I changed the intern /etc/hosts from image-builder because im using an intern registry.

Do i need to add the hostname to any other deployment or something?

There was a closed bug for this in 0.5.0 but I don’t think it was ever resolved. I just ran into this error on 0.6.0 as well.
cannot initialize workspace: cannot connect to ws-sync · Issue #2029 · gitpod-io/gitpod (github.com)

If i do that, I don’t can even open the website because a lot of pods want port 9500.

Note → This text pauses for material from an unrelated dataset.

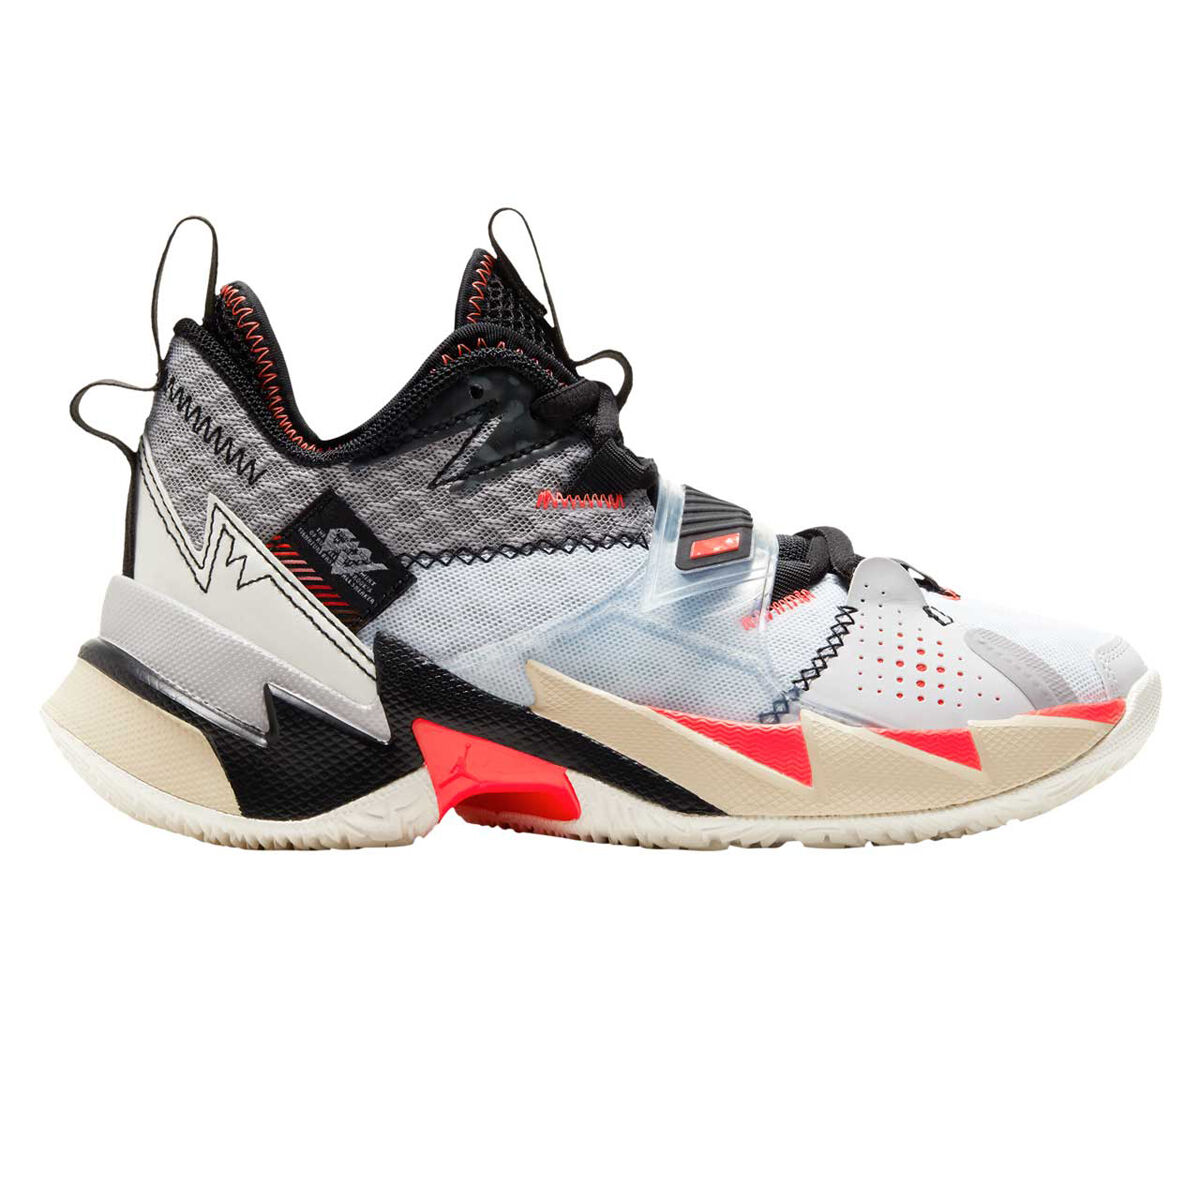 Nike Air Jordan Why Not Zer0.3 Kids

Okay that makes sense. What we have learned is Gitpod needs its own dedicated K8s cluster for each deployment. There are just too many hooks into the K8s nodes to run this alongside any other application, including multiple Gitpod deployments.

I don’t know why it use 8.8.8.8. I have configured my own hostname for this url.

I can add it in image-builder and it works but i dont know, how i need to add this hostname too.

I don’t have a ws-sync deployment, where i can add the hostname.

It can build the image and push it into the registry but can’t pull the made image from the registry.

I just have Gitpod. But a lot of Pods from Gitpod want to use Port 9500.

Hi @supersebe,

I just have Gitpod. But a lot of Pods from Gitpod want to use Port 9500.

These pods are used to export metrics. You can change them in the Helm templates.

I did that. I changed every 9500 that i could find, but it still want to use port 9500.